There is also a third more severe case called hyper mature cataract where the lens starts to shrivel.

Dog Breeds Prone to Cataracts Include:

Siberian Huskies

Boston Terrier

Golden Retrievers

Miniature Poodles

Cocker Spaniels

Miniature Schnauzers

Cataracts are typically genetic; however, there are also certain conditions that increase the risk, including advanced age, diabetes mellitus (chances are as high as 75%), low calcium levels, and uveitis which is an inflammation of the eye.

Signs & Symptoms of Cataracts 

The easiest way to tell is by a cloudy or grayish film located just behind the retina.  However, there are other ways of spotting cataracts such as if there is inflammation in the eye sockets, chronic eye redness, or whether one eye is bulging compared to the other.

You may also notice your dog pawing at the eyes and sometimes, you may even notice that they are not seeing very well. These are all signs that could suggest canine cataracts.

Your dog might not be able to locate his toys as easily as before, or might start bumping into furniture. These are all signs of a vision problem.

How to Treat Canine Cataracts

Once you notice that your dog is displaying the symptoms above, the best course of action is to take them to the vet. The vet will want to know about the medical history of your dog so be sure to provide them with any previous medical records.

The vet will also proceed to conduct a physical examination. The dog may get a blood test as well as a urine analysis. This will help to determine if there are any underlying conditions that may lead to the development of canine cataracts such as diabetes.

In such an instance, the dog will be put under the right medication.

There will also be a physical analysis of the eyes. There is a high chance that you will be directed to a veterinary ophthalmologist who is better suited to handle issues relating to vision. Cataracts in dogs have a tendency to develop at a rapid rate.

What Does Cataract Surgery Involve?

Cataract surgery for dogs involves administering general anesthesia.
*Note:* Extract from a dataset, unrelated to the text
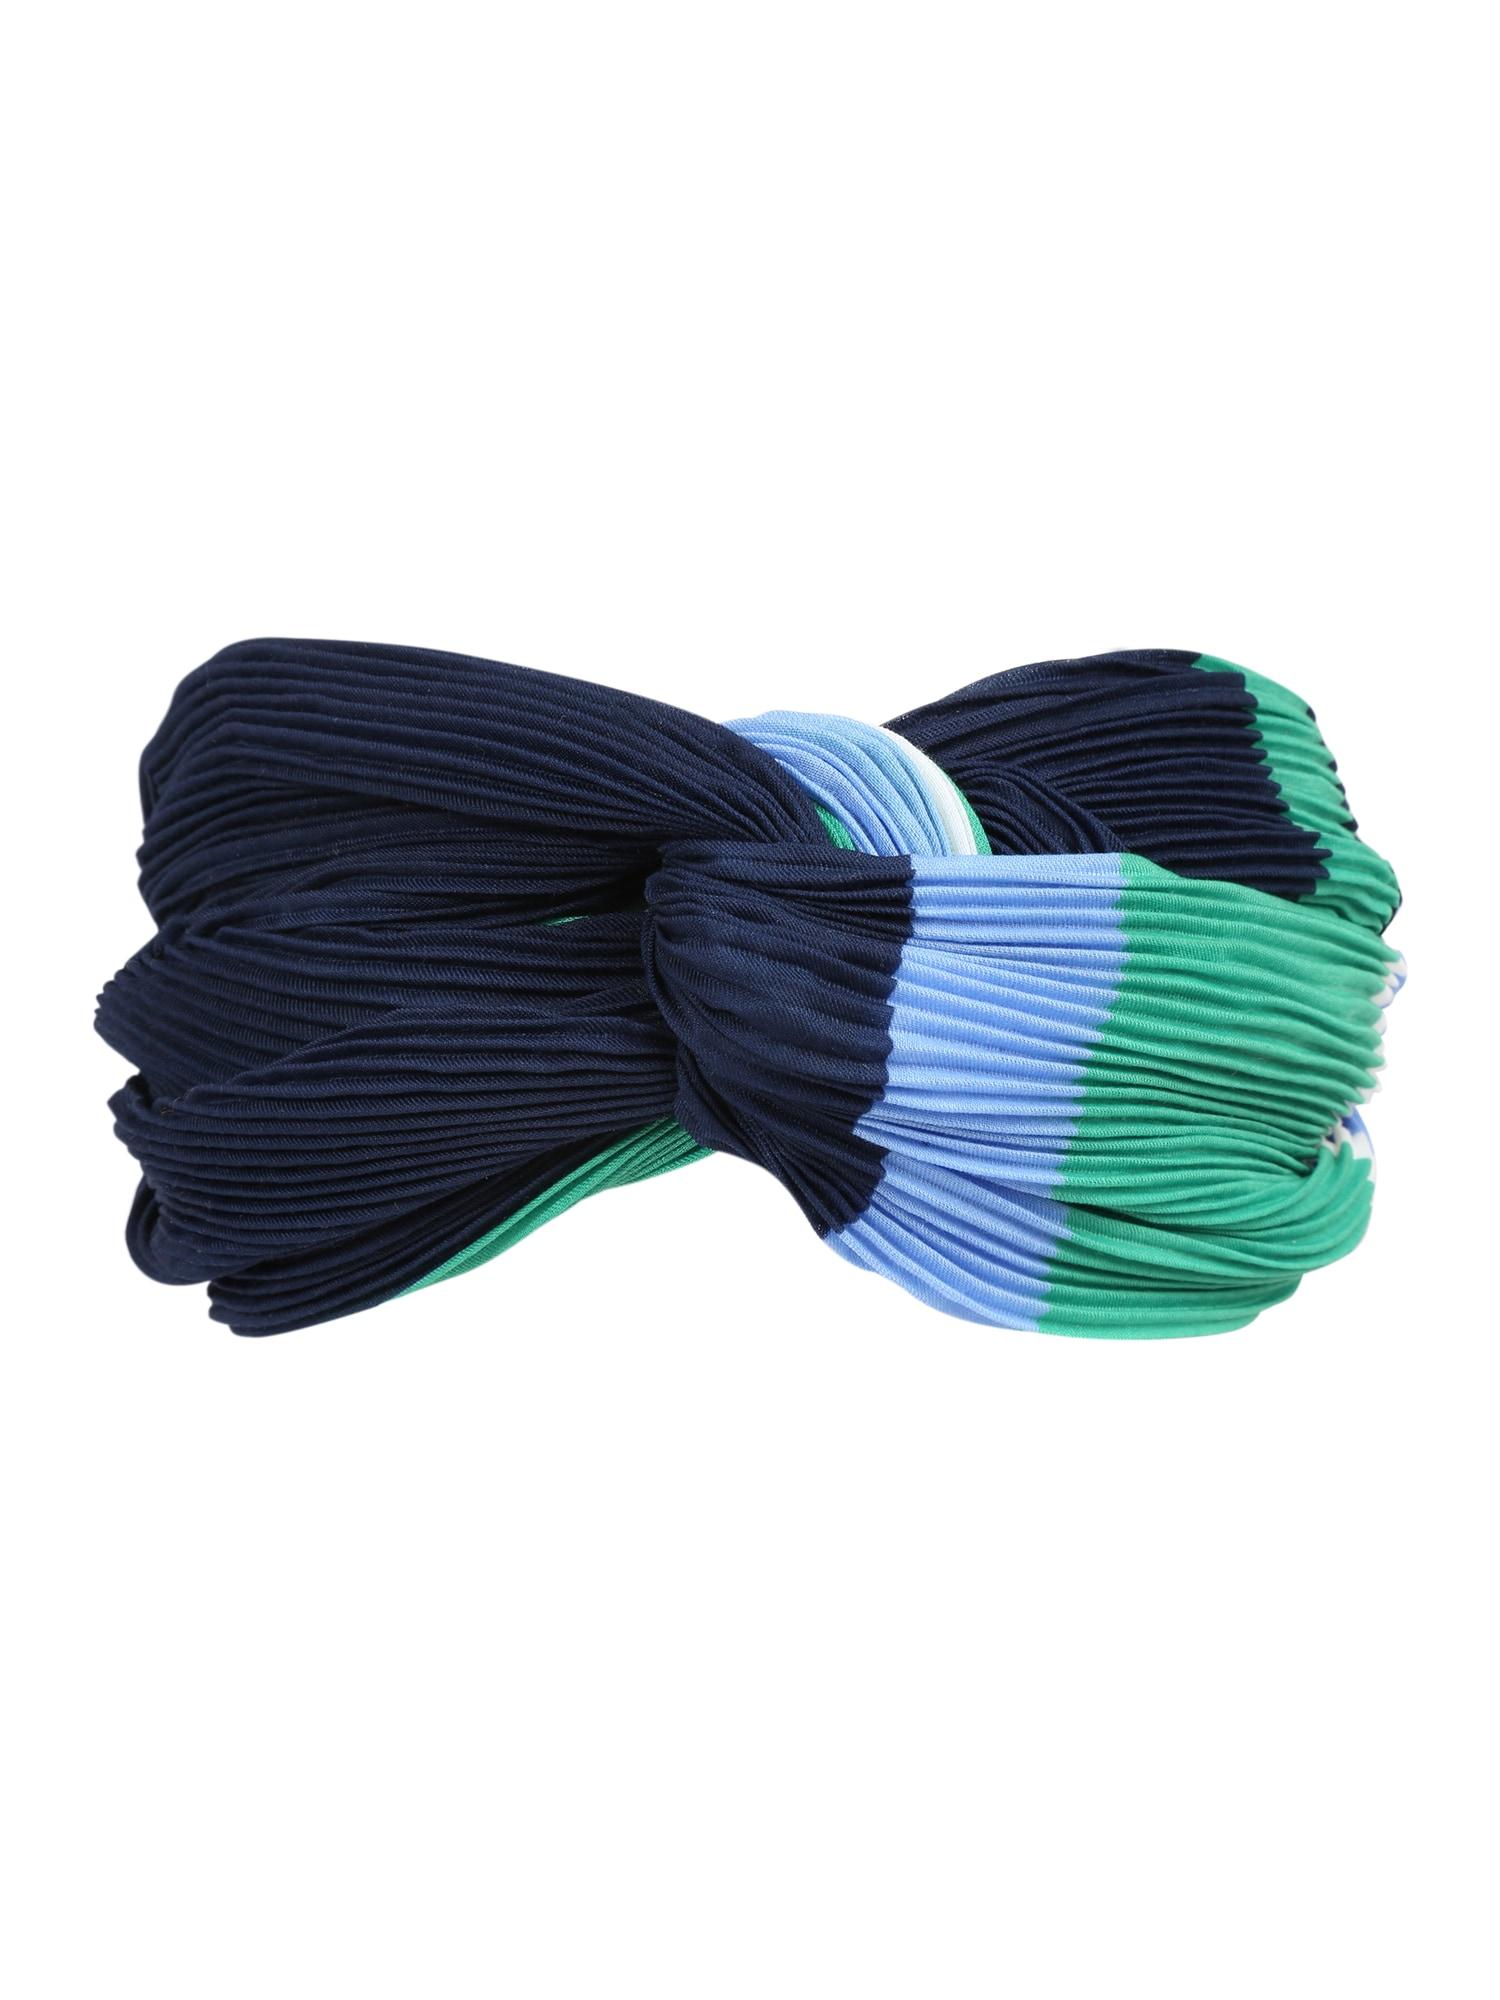 Šperky do vlasů modrá zelená ESPRIT

The surgeon inserts a slit in the eye and a small tool is used to slide the lens out. A replacement lens is inserted and your dog’s vision is as good as new.

Cataract surgery for dogs is quick and painless and almost always results in a positive outcome.  Yes, it’s expensive, but hopefully you can find a cheaper route through one of the methods above. 

Regardless of the cost, it is a worthwhile option to improve your dog’s quality of life.